+++ Raw data
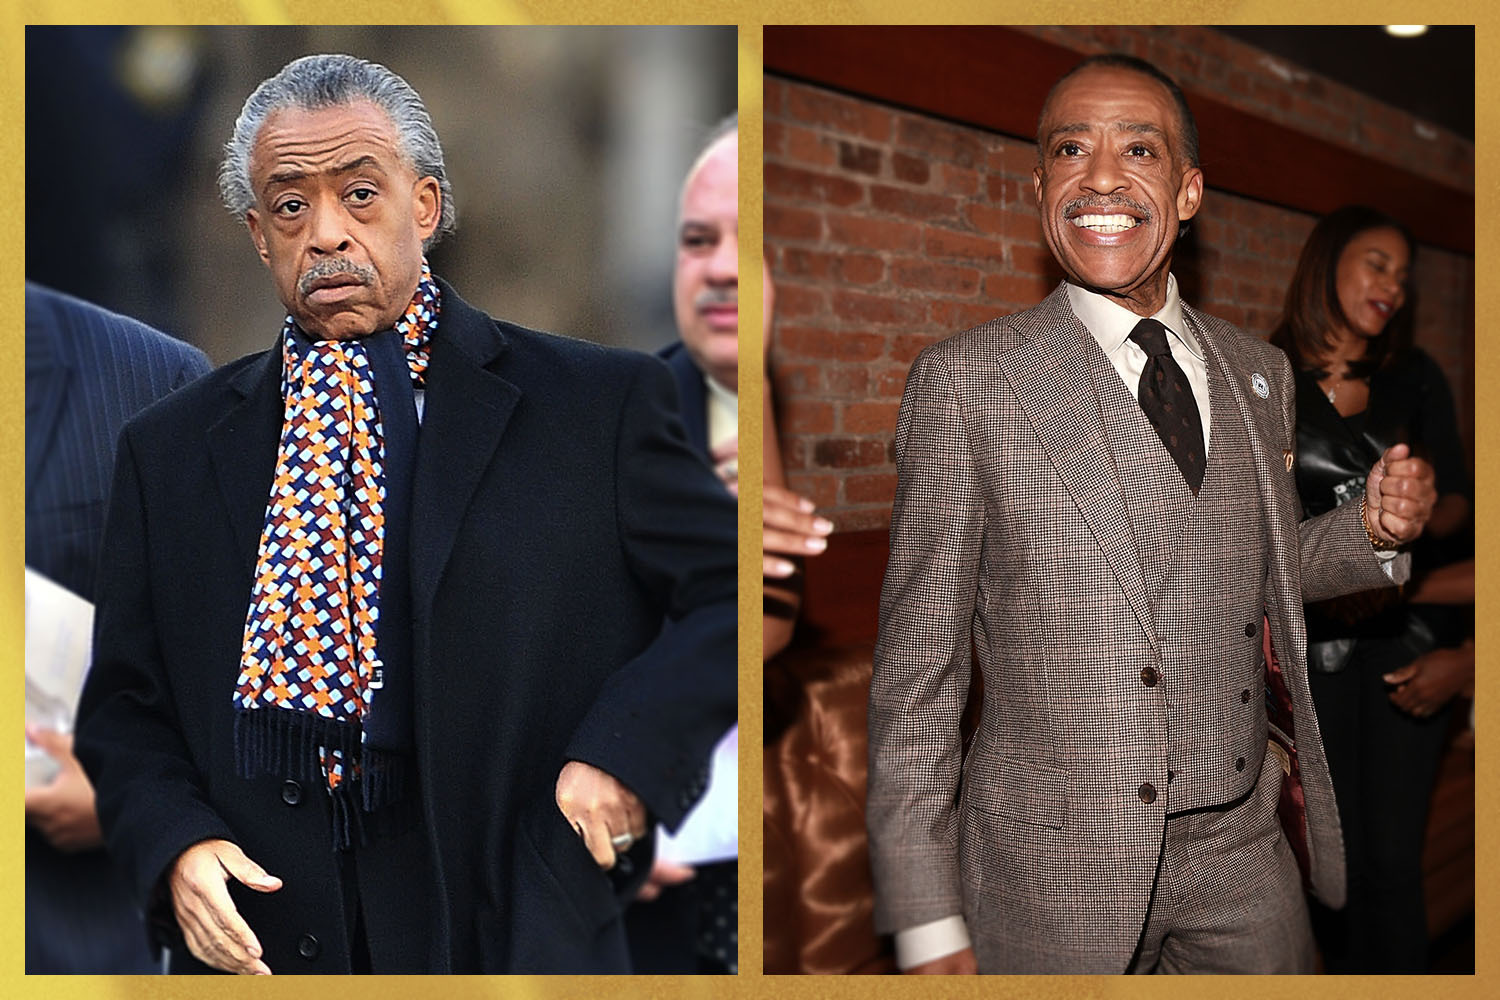 From left: Al Sharpton in a black overcoat and patterned scarf; Al Sharpton in a windowpane three-piece wool suit
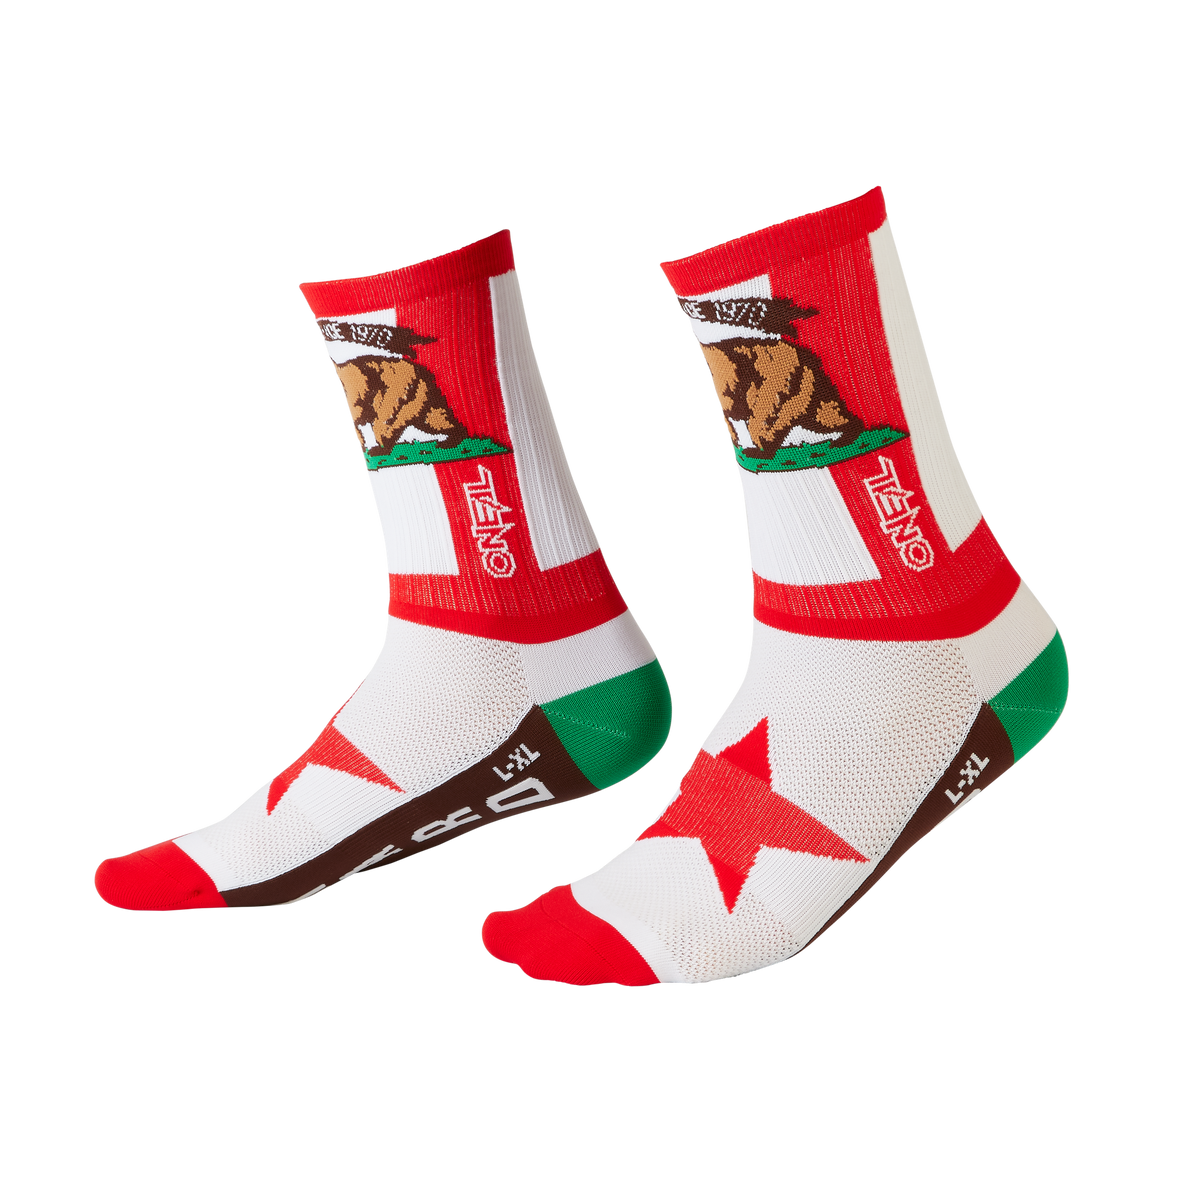 https://cdn.oneal.eu/assets/_default_upload_bucket/2022_ONeal_MTB%20PERFORMANCE%20SOCK_CALIFORNIA%20V.22_red%20white%20brown_side_1.png
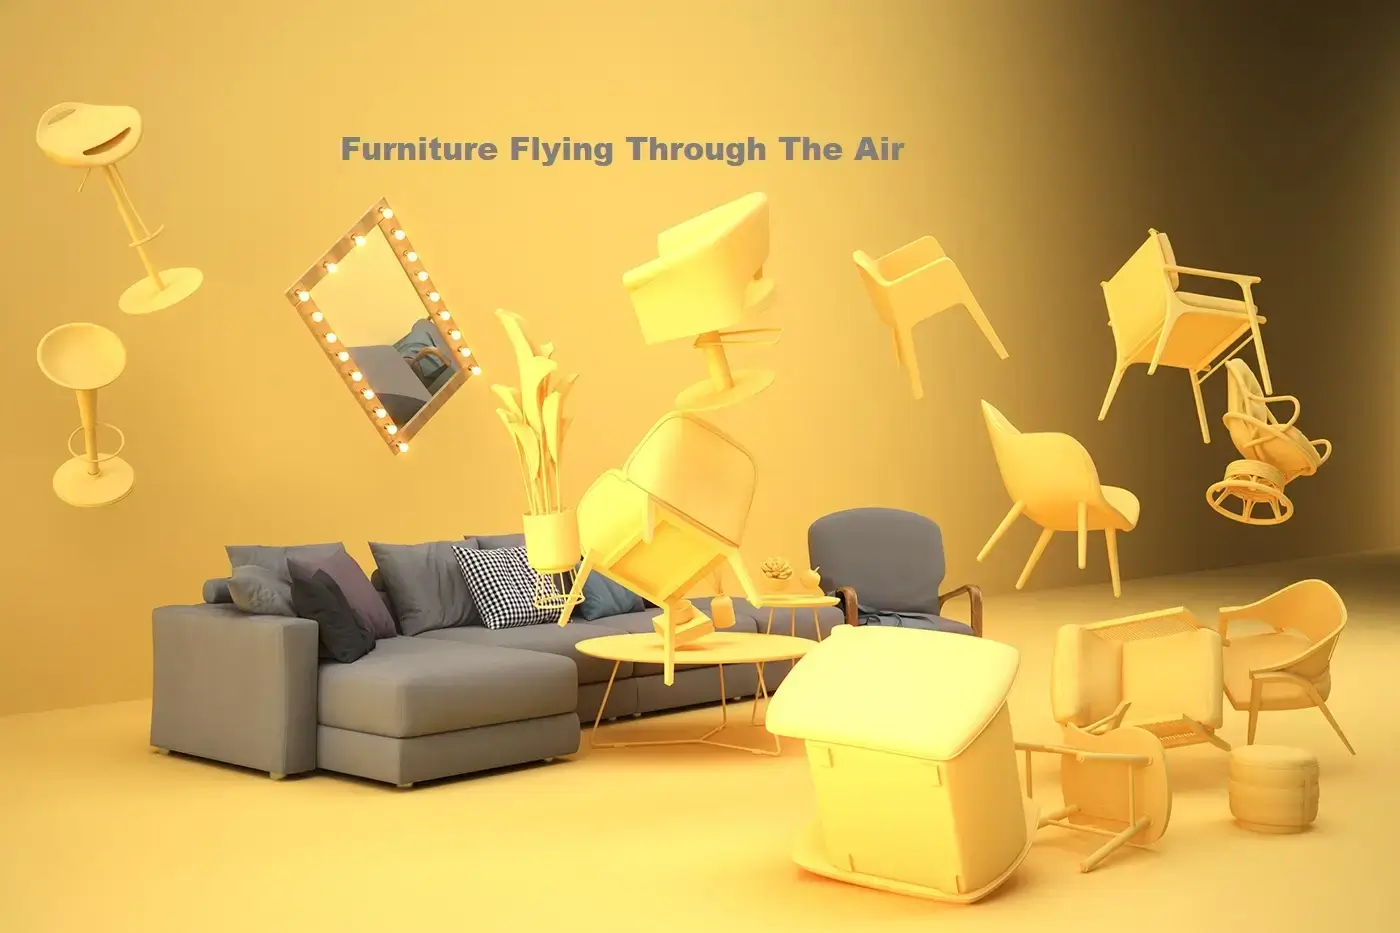 Furniture Flying Through The Air
++++++
### Aim of the exercise
If the data includes images, omit them, and set down everything else exactly as above.

### Solution
 From left: Al Sharpton in a black overcoat and patterned scarf; Al Sharpton in a windowpane three-piece wool suit
 https://cdn.oneal.eu/assets/_default_upload_bucket/2022_ONeal_MTB%20PERFORMANCE%20SOCK_CALIFORNIA%20V.22_red%20white%20brown_side_1.png
 Furniture Flying Through The Air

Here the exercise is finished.